## Activity
Of the lines in the data below, write out exactly those from the one holding "in oak wood." through the one holding "Good condition.", both included.

## Exercise materials
**********
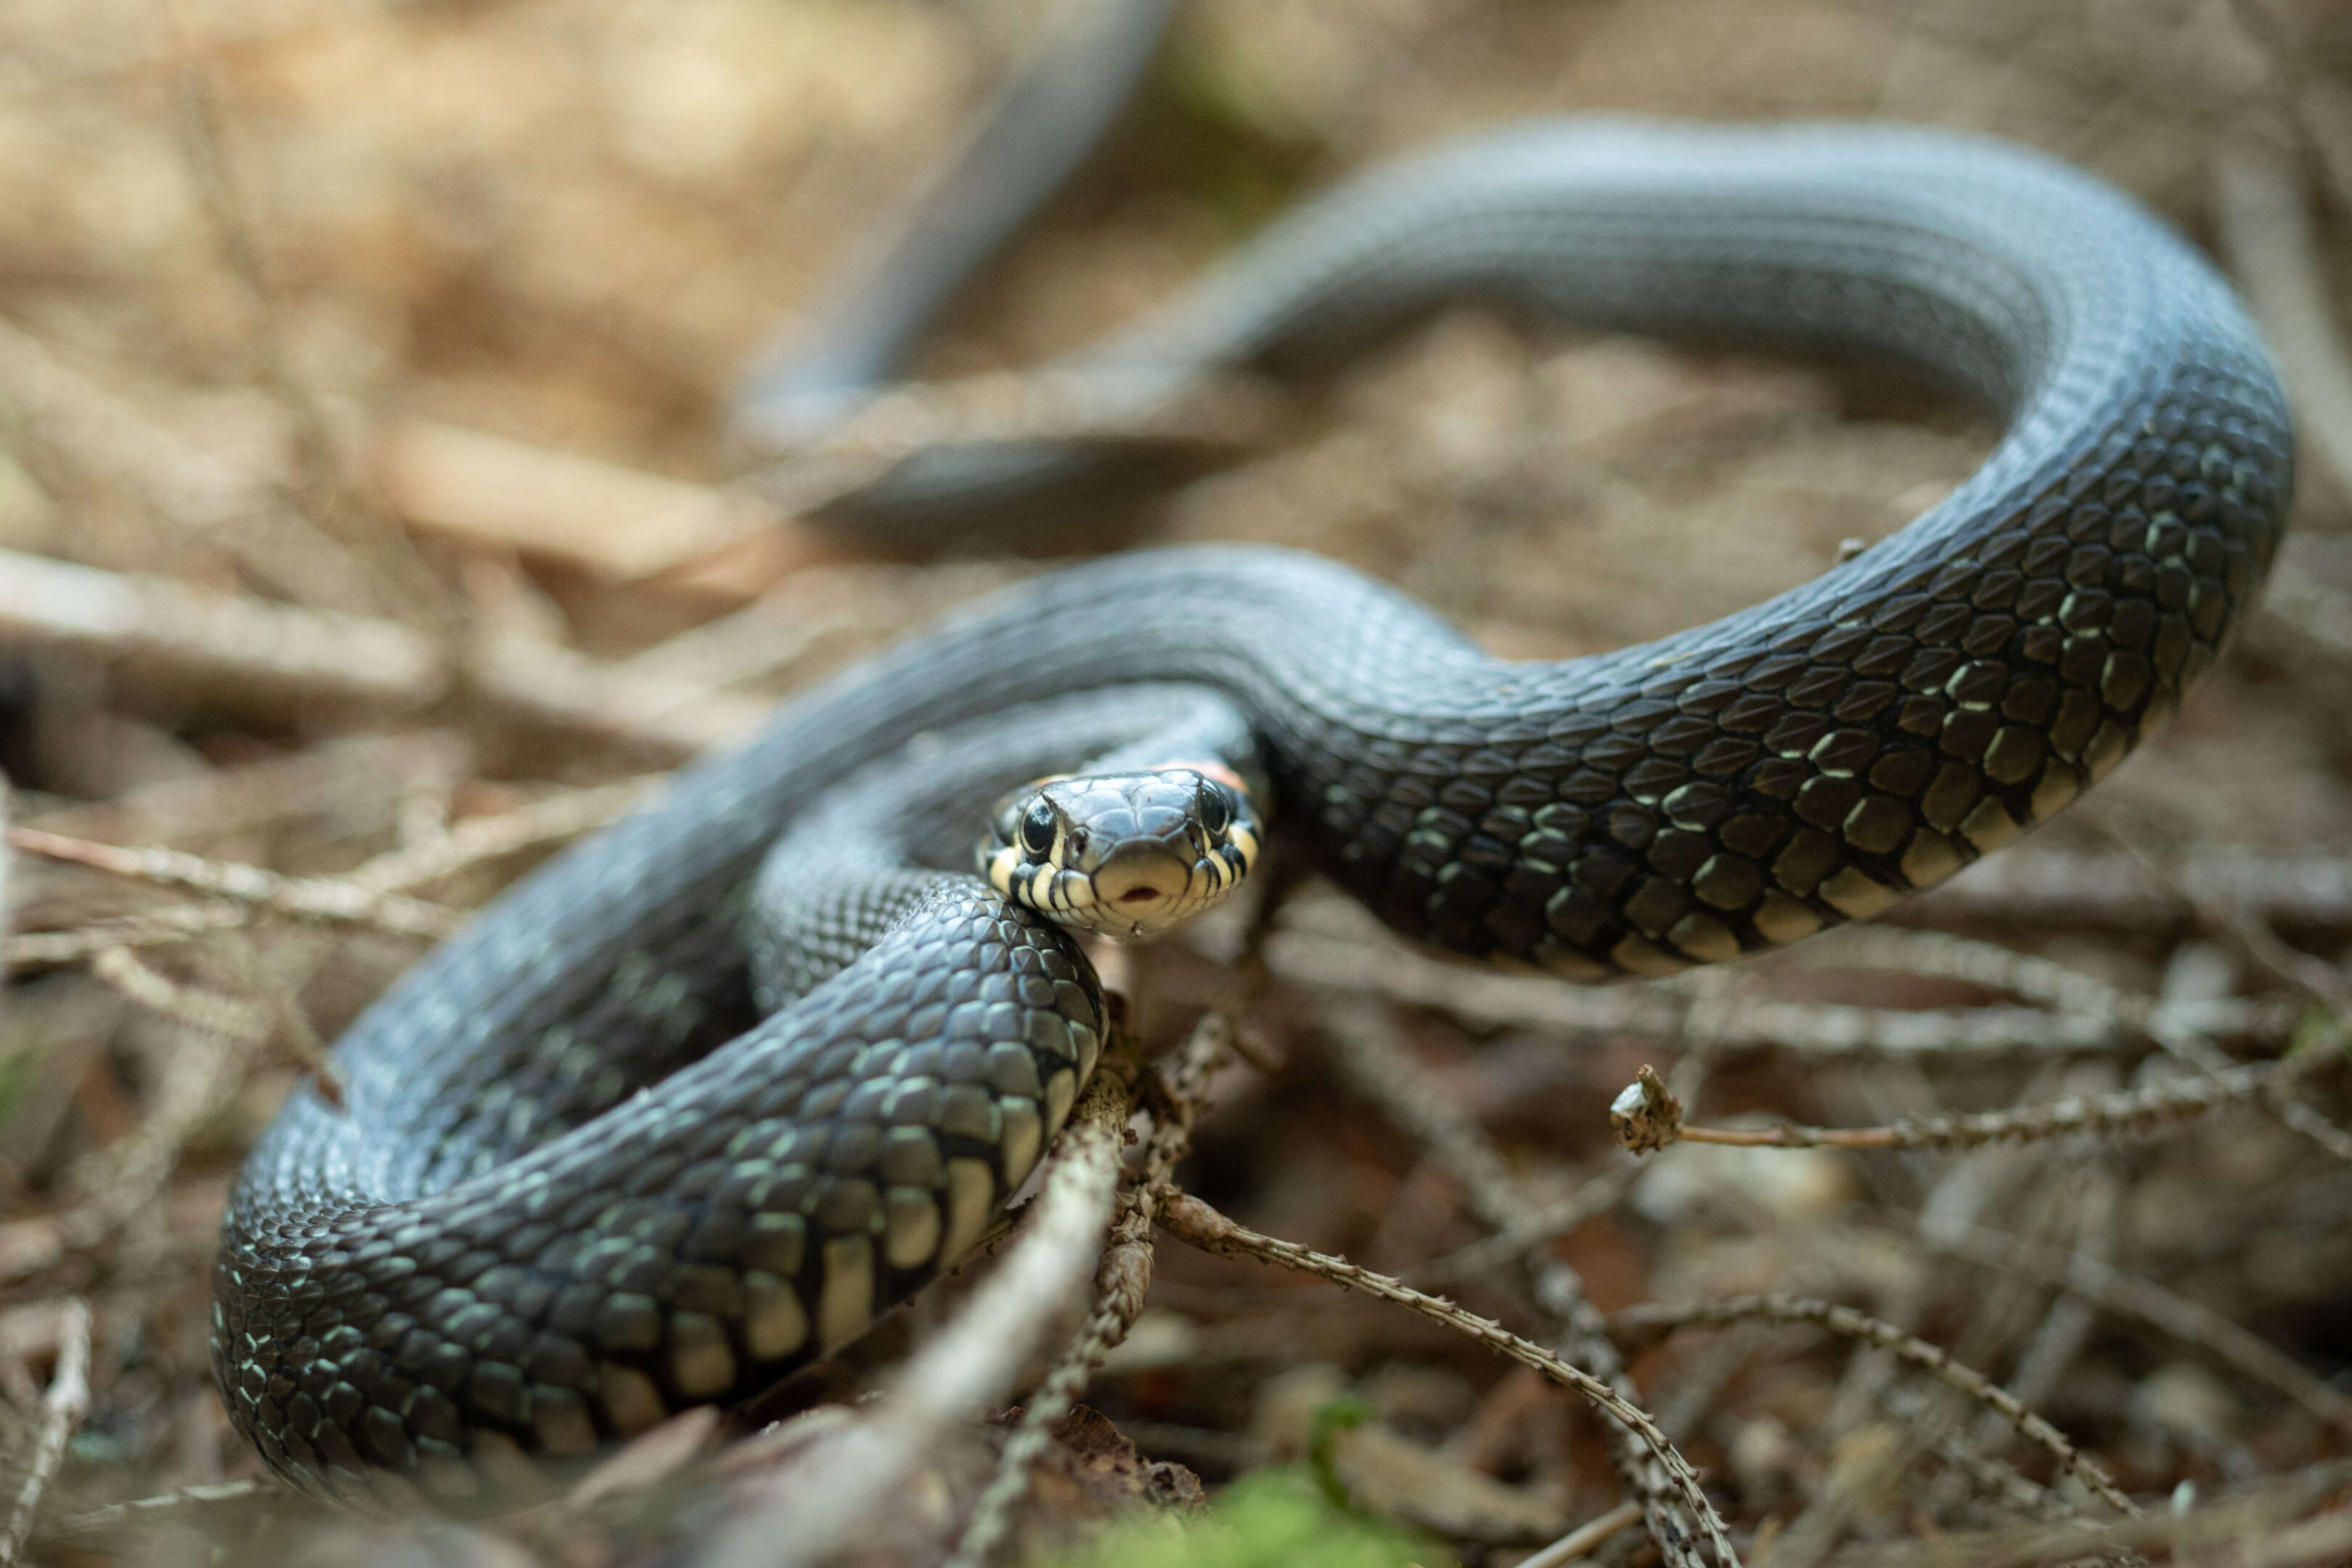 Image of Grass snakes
**********
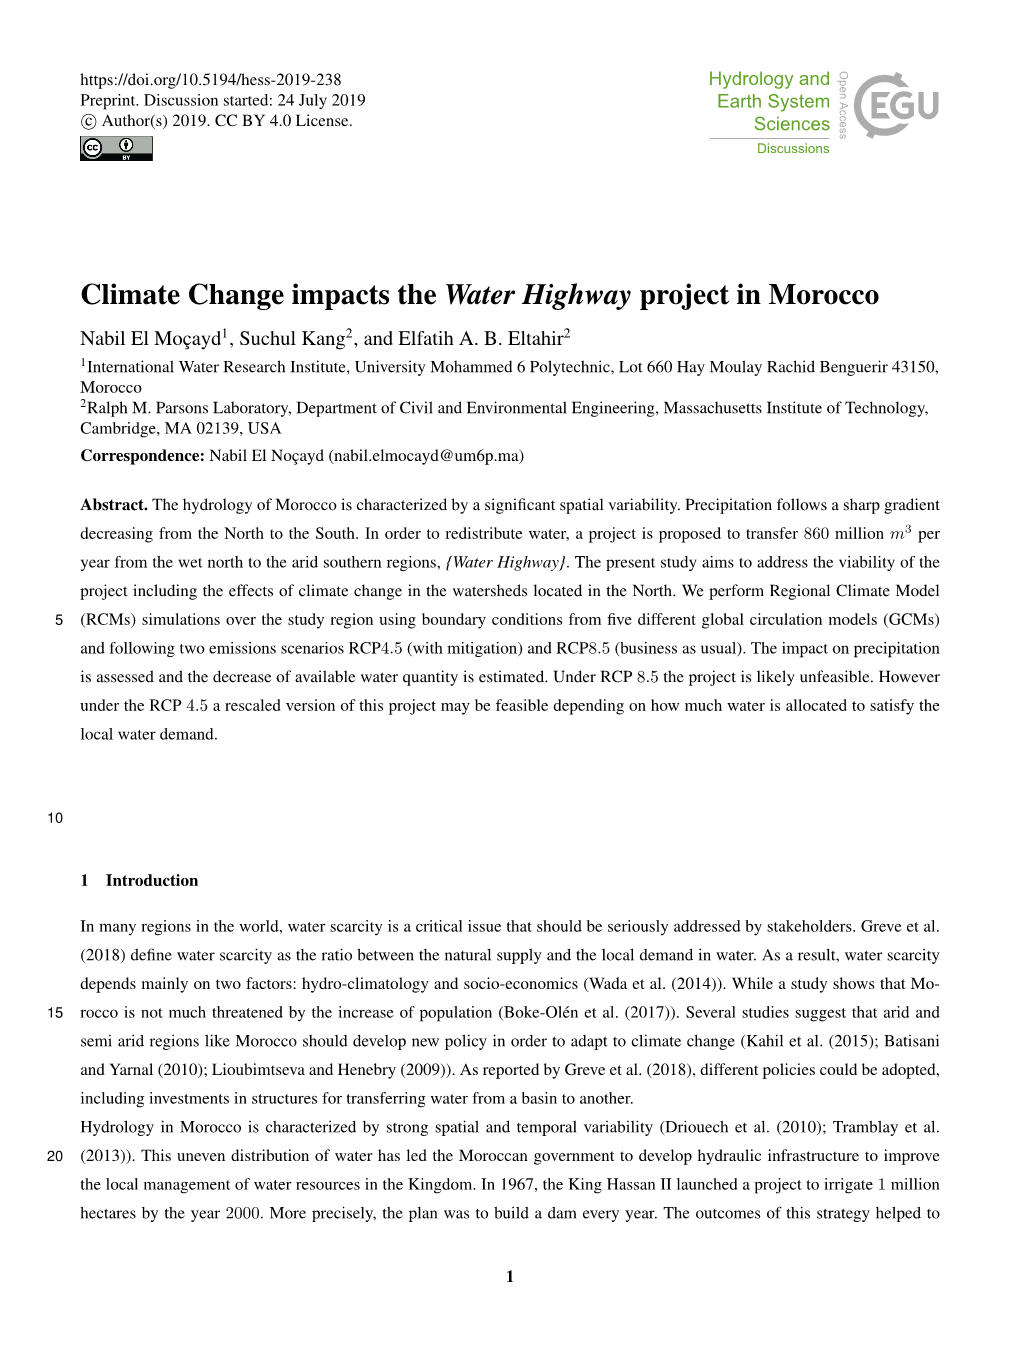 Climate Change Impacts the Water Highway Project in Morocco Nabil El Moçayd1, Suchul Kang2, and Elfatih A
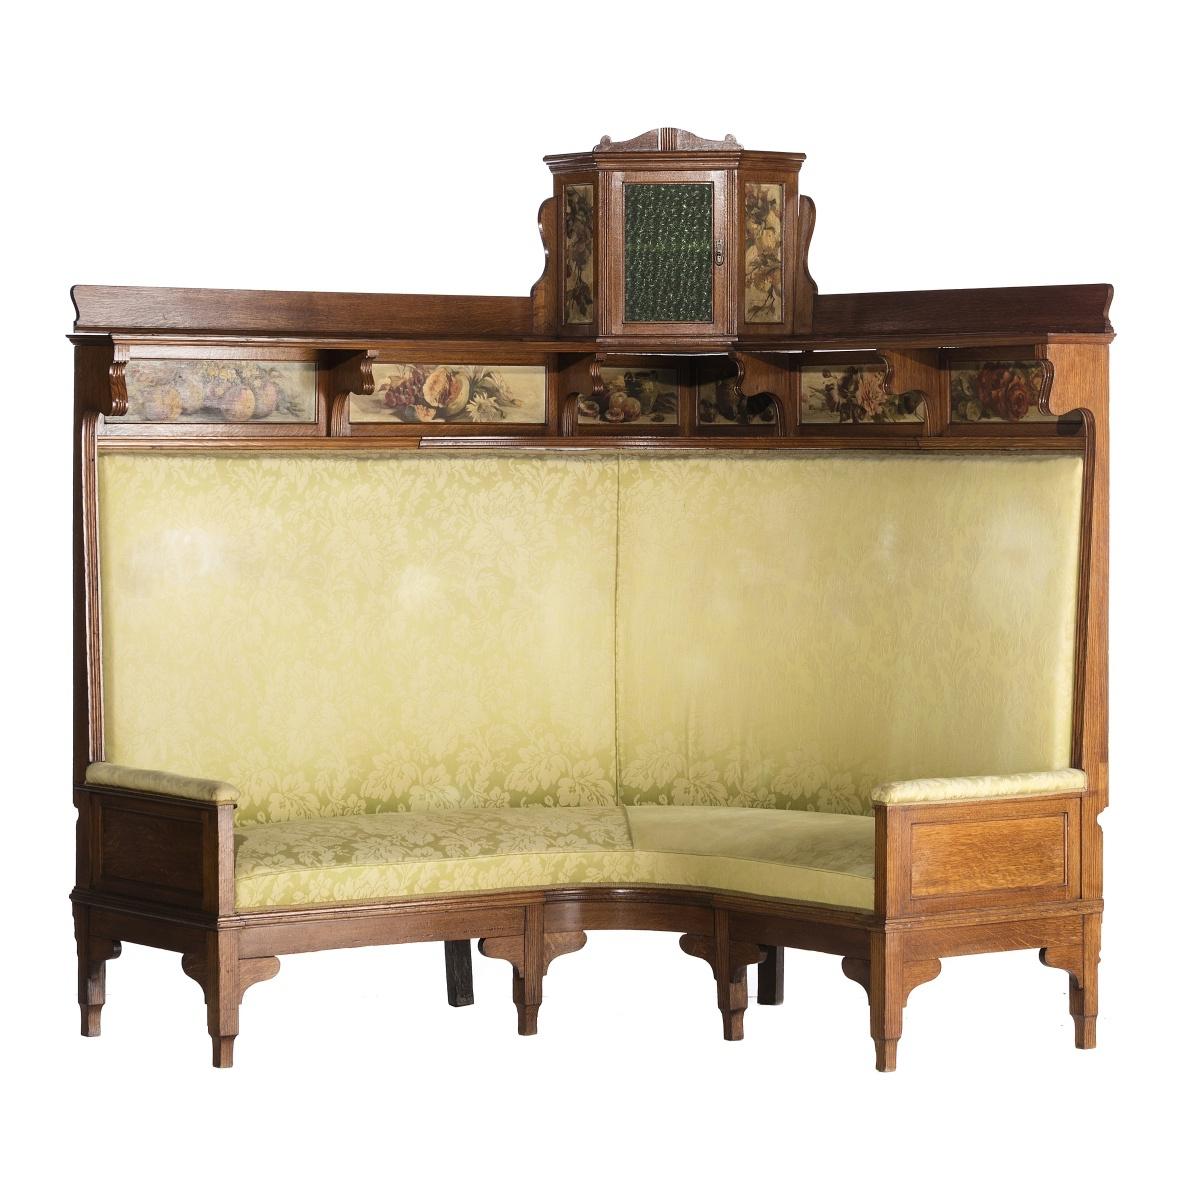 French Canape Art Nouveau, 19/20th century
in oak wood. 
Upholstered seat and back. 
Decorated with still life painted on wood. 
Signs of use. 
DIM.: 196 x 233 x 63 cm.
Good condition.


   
**********
## Exercise output
in oak wood. 
Upholstered seat and back. 
Decorated with still life painted on wood. 
Signs of use. 
DIM.: 196 x 233 x 63 cm.
Good condition.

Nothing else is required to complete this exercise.